**Data supplied**
Start of Block

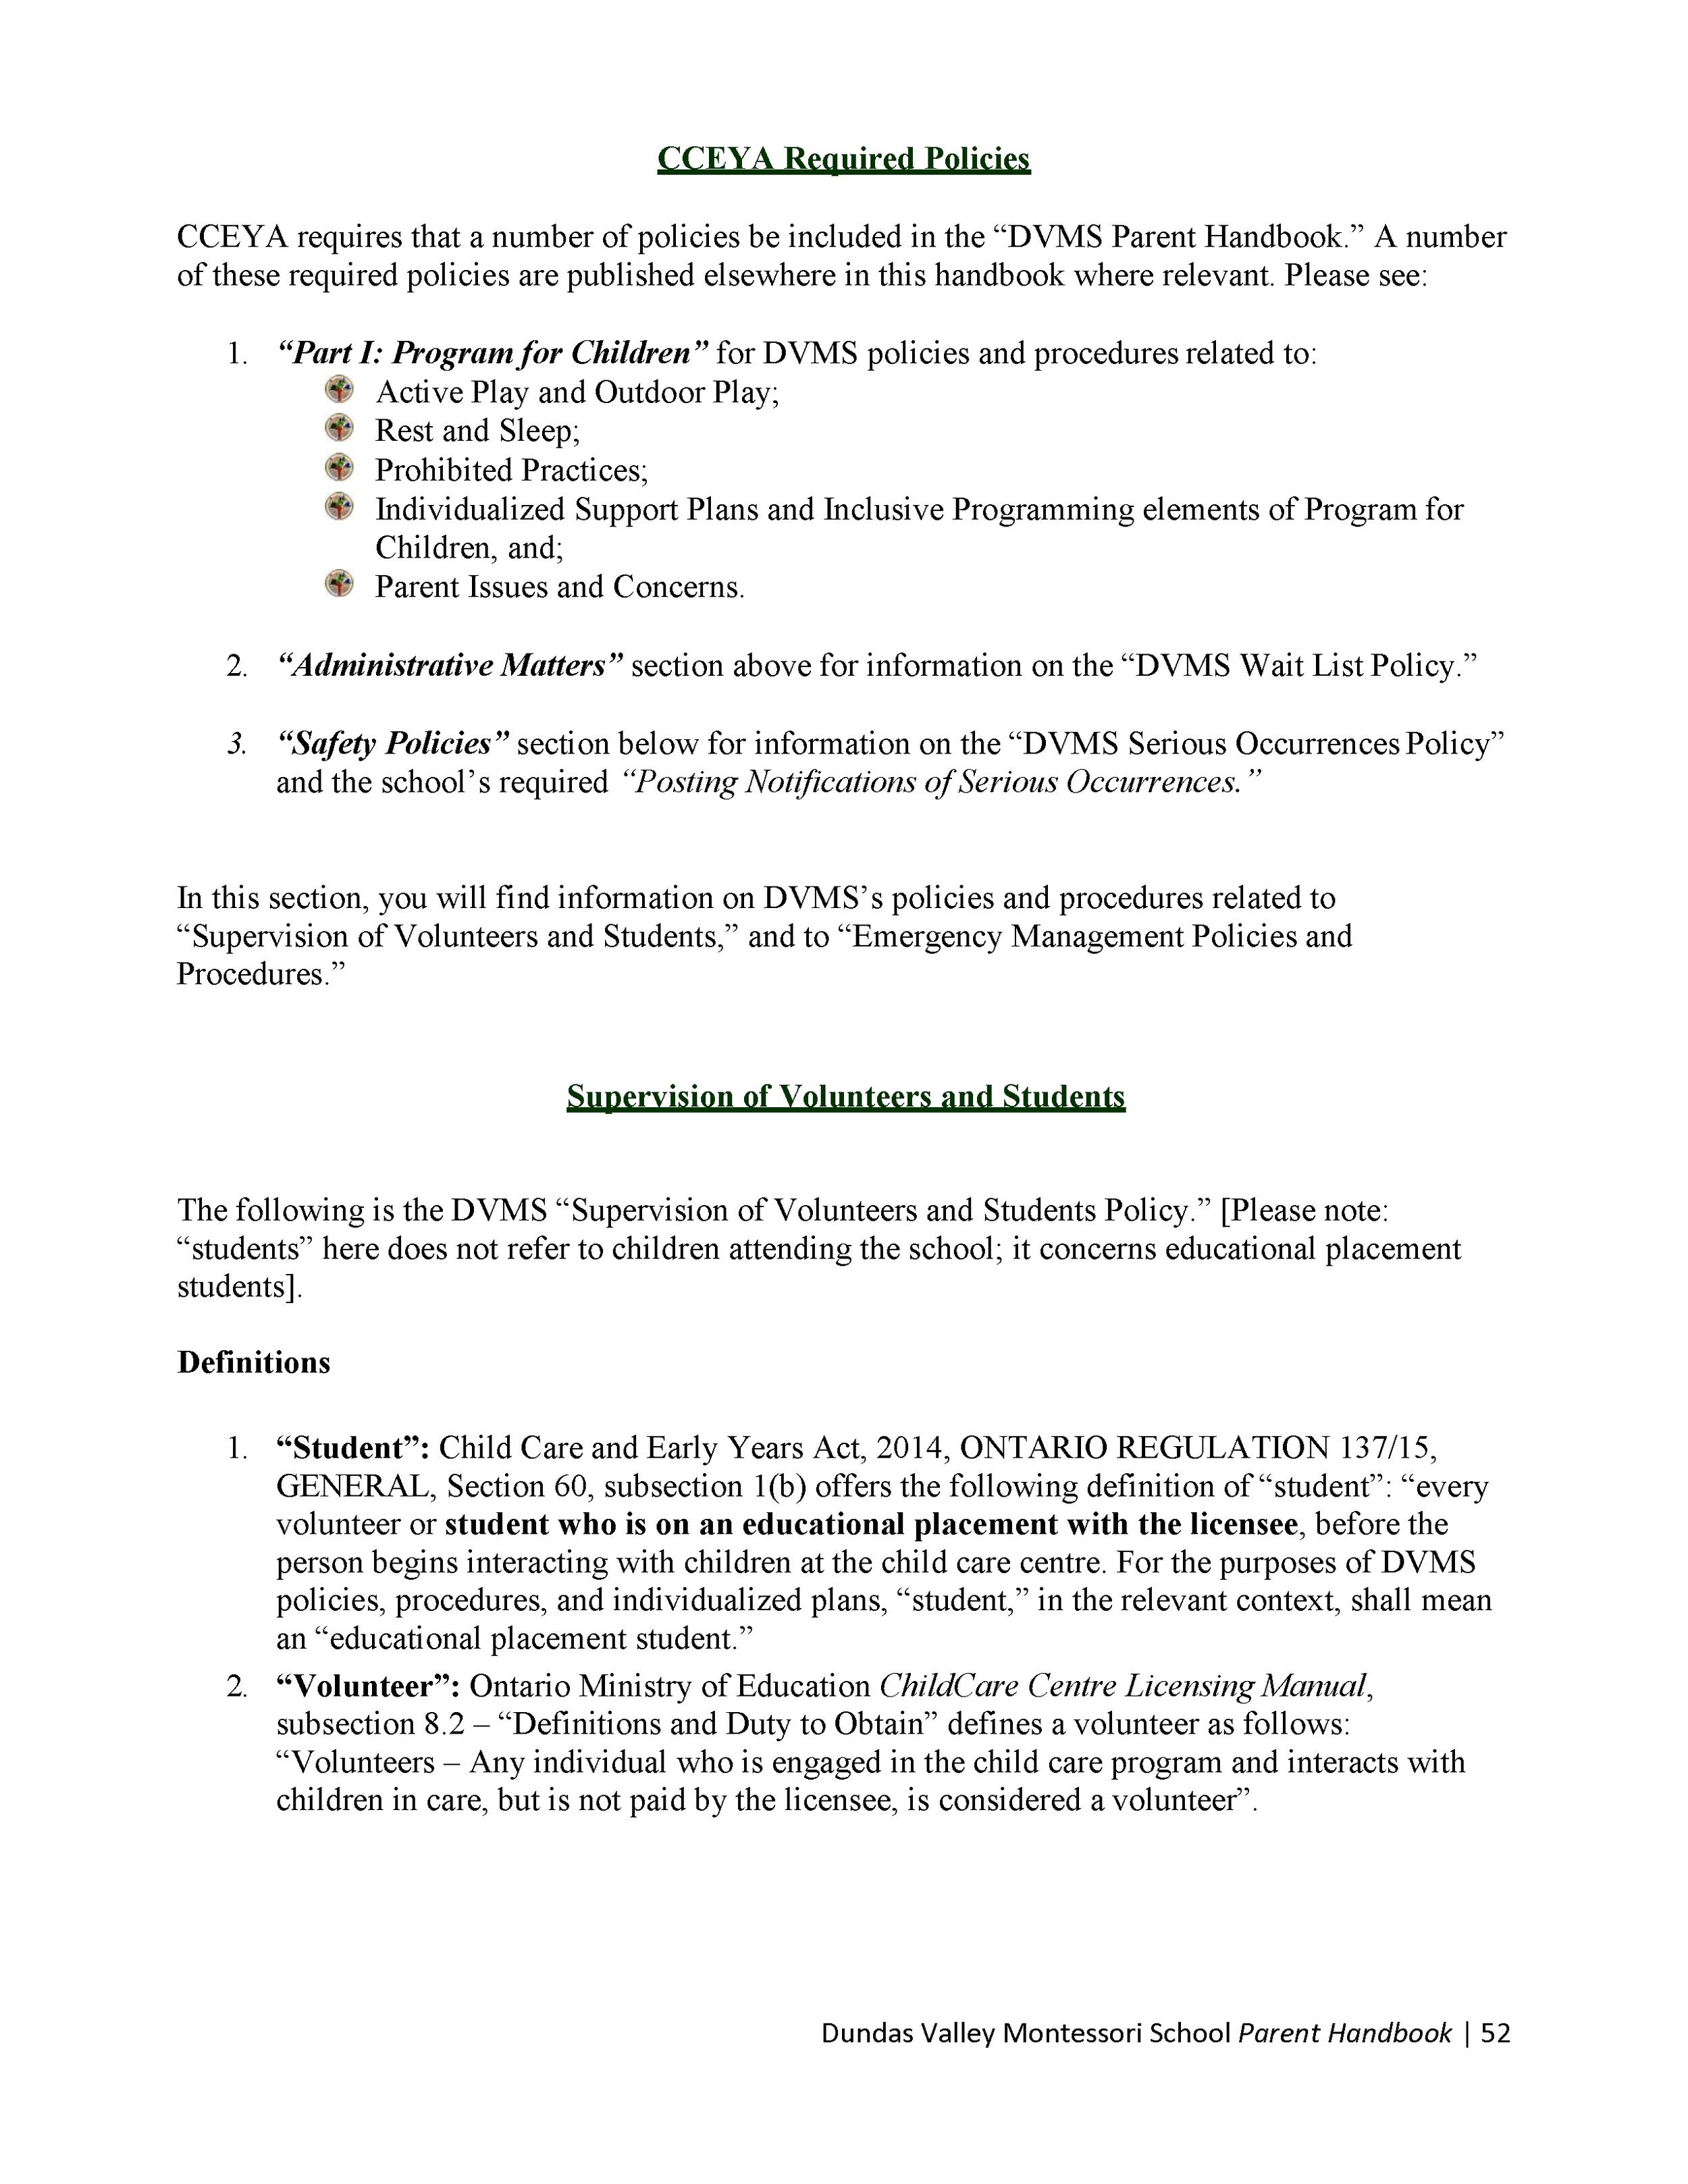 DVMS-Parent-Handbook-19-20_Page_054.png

End of Block
Start of Block

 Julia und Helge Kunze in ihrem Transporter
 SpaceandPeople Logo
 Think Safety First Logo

End of Block
Start of Block

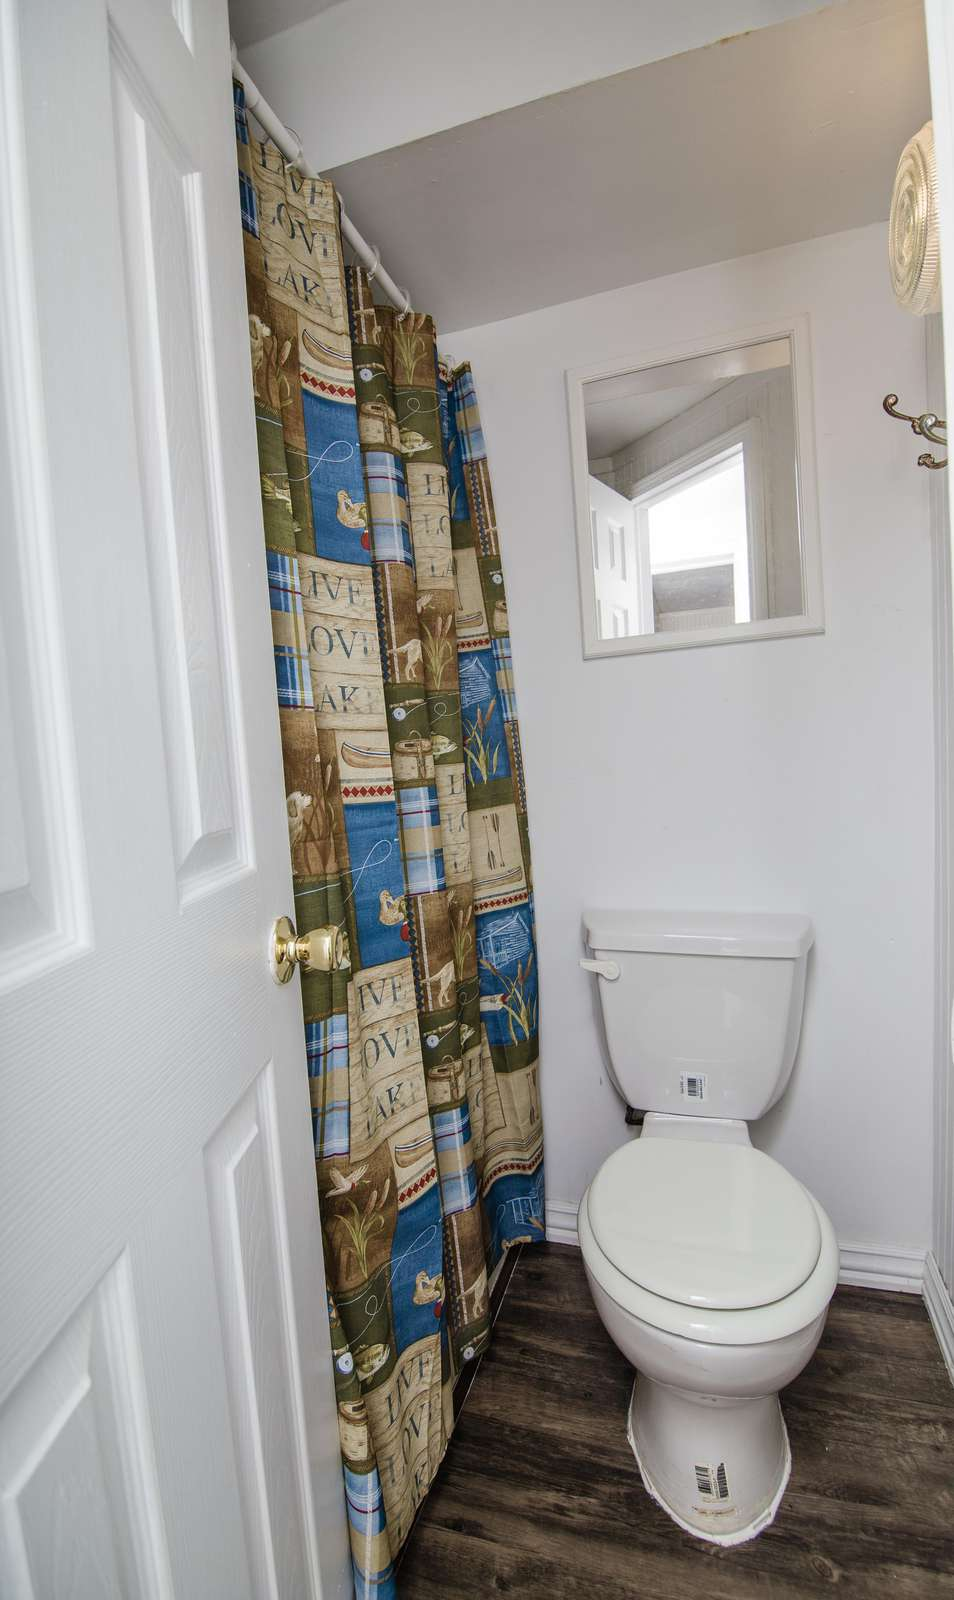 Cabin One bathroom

End of Block

**Work instructions**
Report how many lines of the data above hold the string "Logo". Nothing else belongs in the answer.

**Answer to this problem**
2